• **Brief**
Copy the following data exactly and drop the pictures.

• **Supplied material**
━━━━
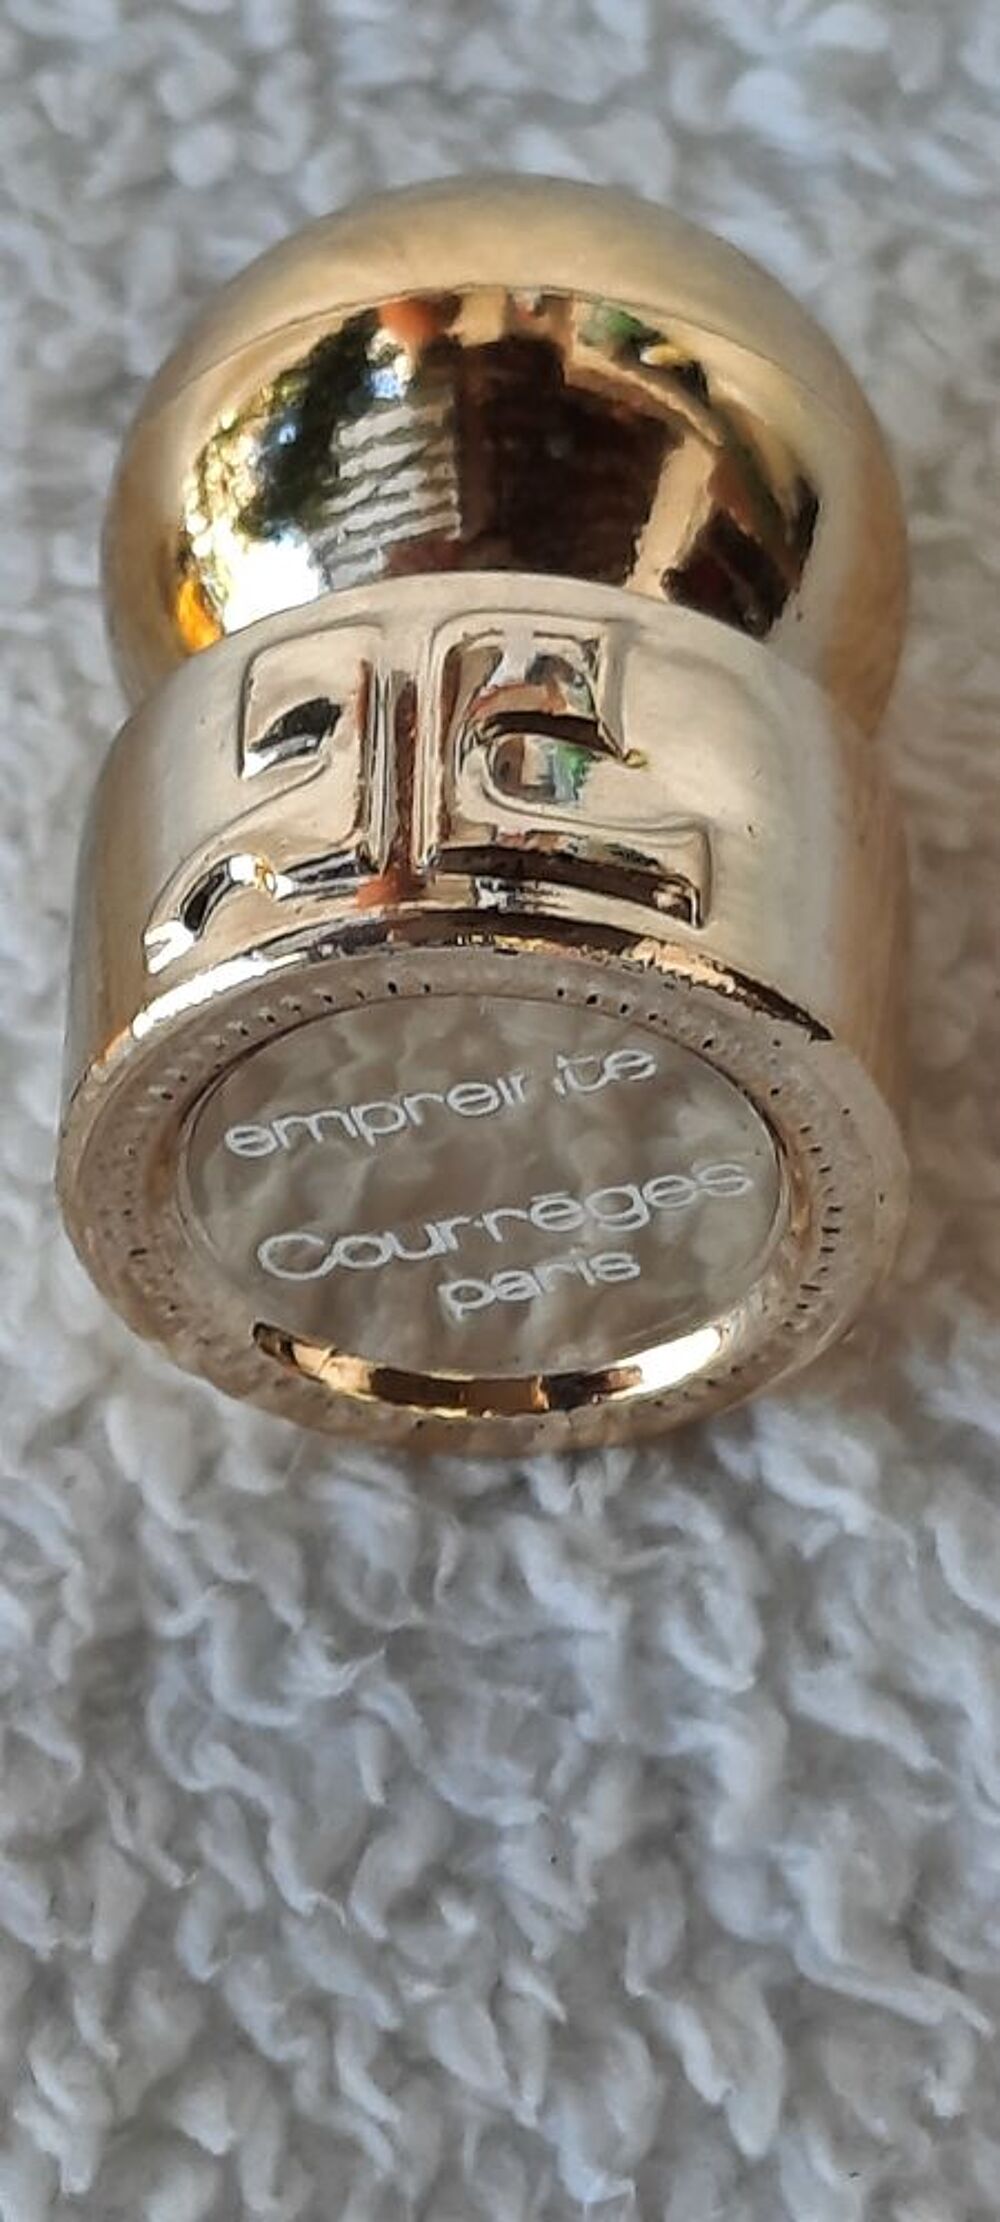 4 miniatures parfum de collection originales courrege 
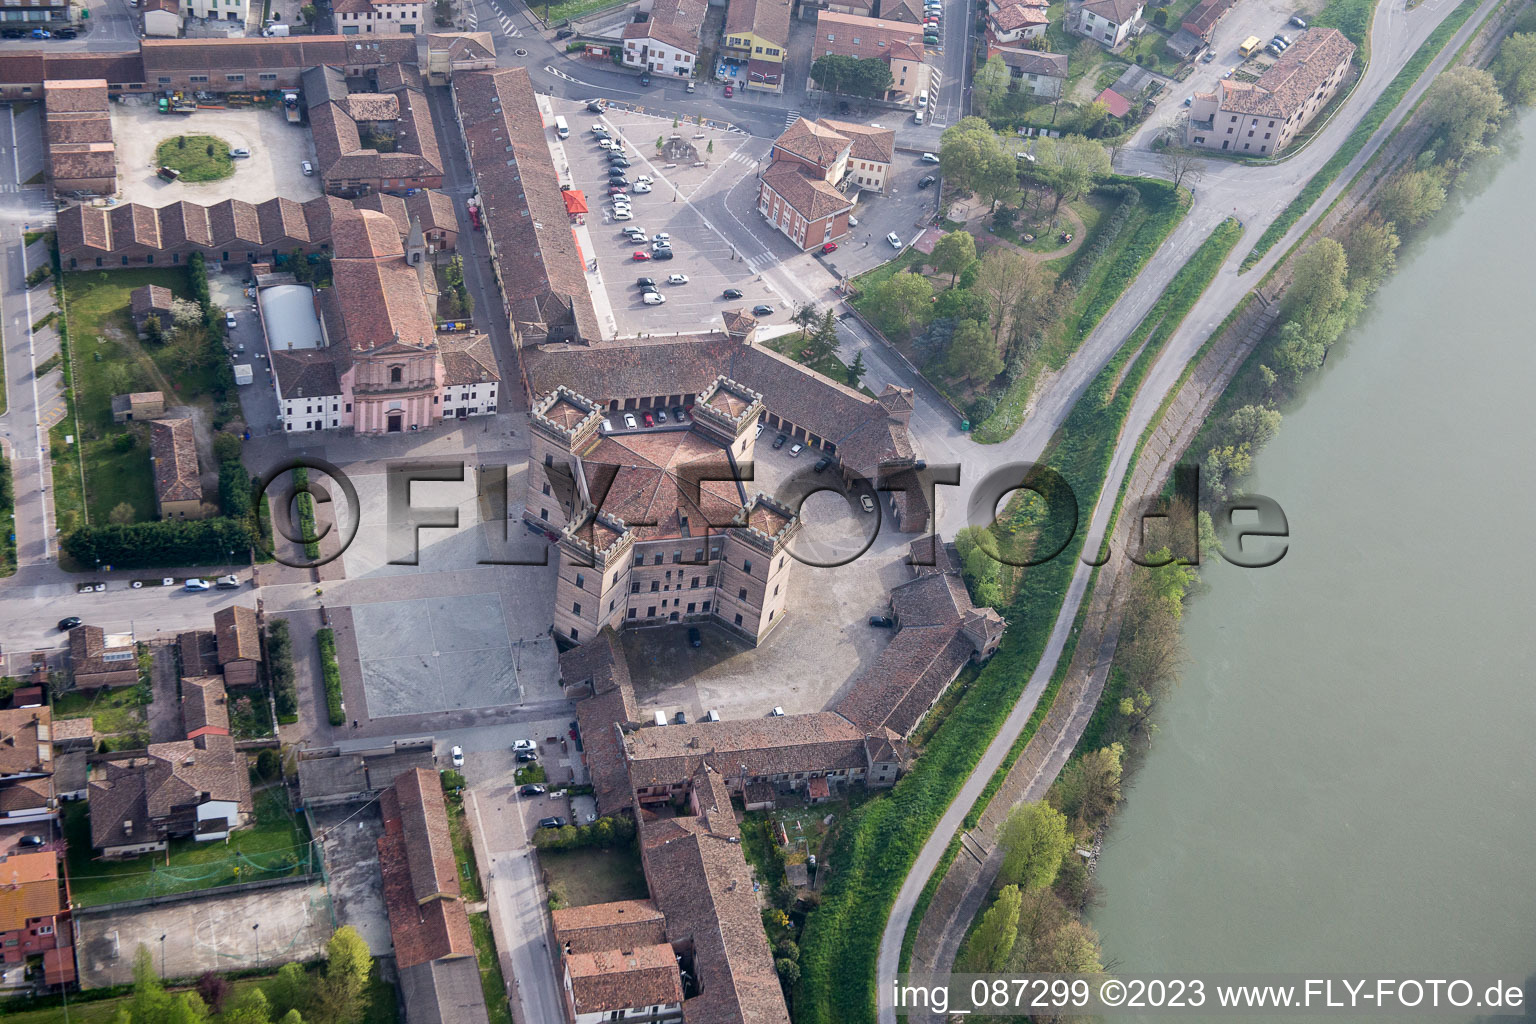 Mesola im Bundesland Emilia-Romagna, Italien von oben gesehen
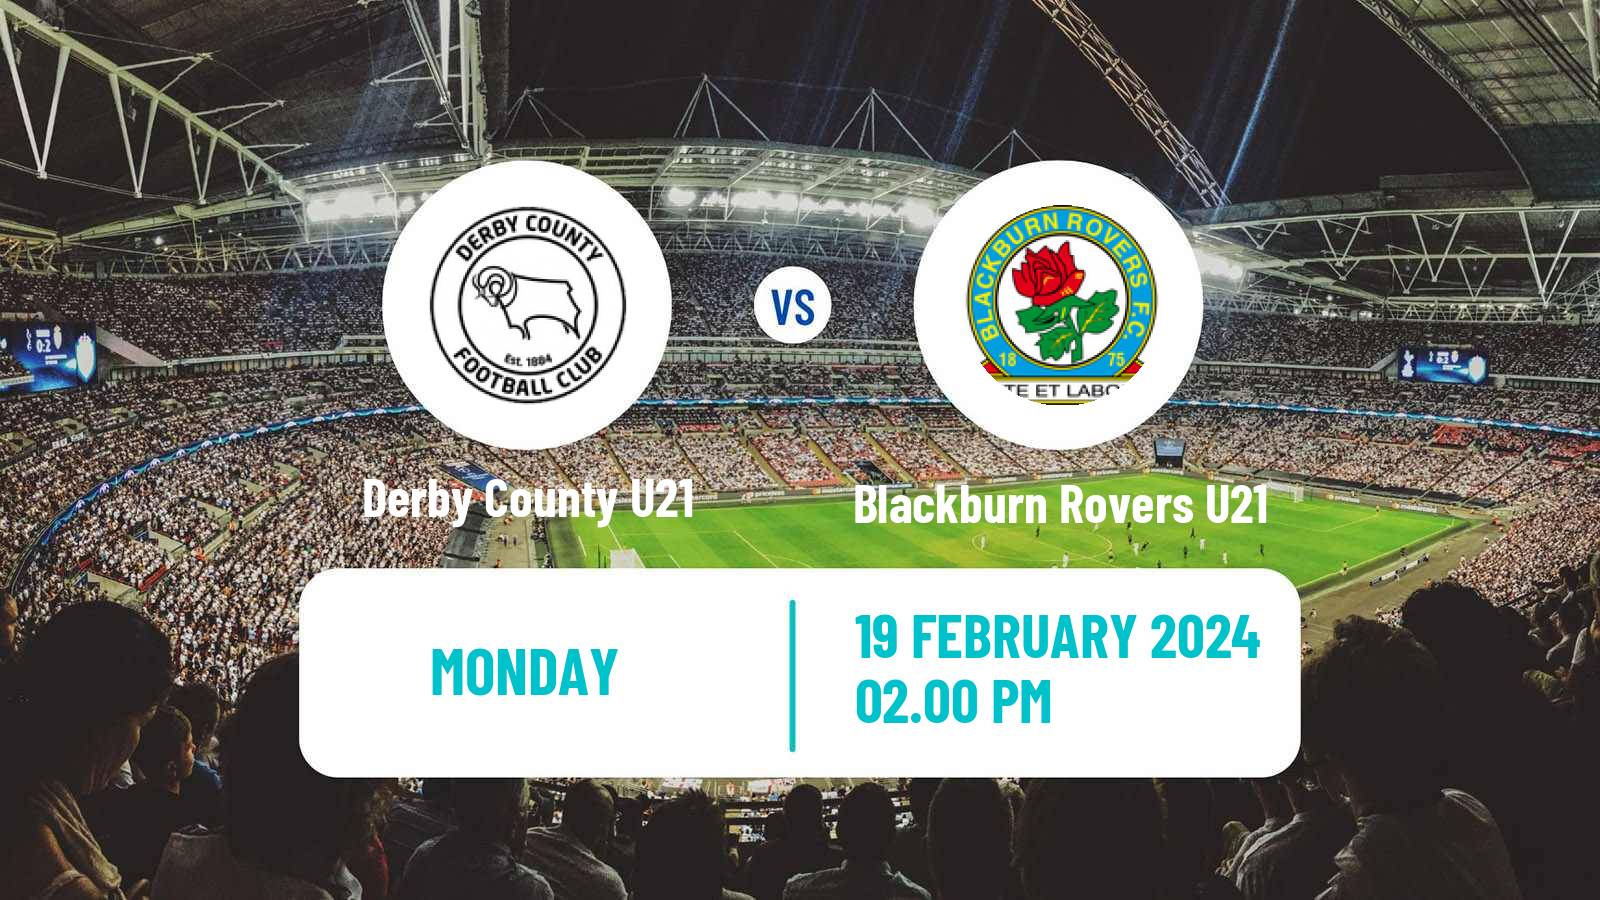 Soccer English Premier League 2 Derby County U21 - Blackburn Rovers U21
━━━━
• **The completed task**
 4 miniatures parfum de collection originales courrege 
 Mesola im Bundesland Emilia-Romagna, Italien von oben gesehen
 Soccer English Premier League 2 Derby County U21 - Blackburn Rovers U21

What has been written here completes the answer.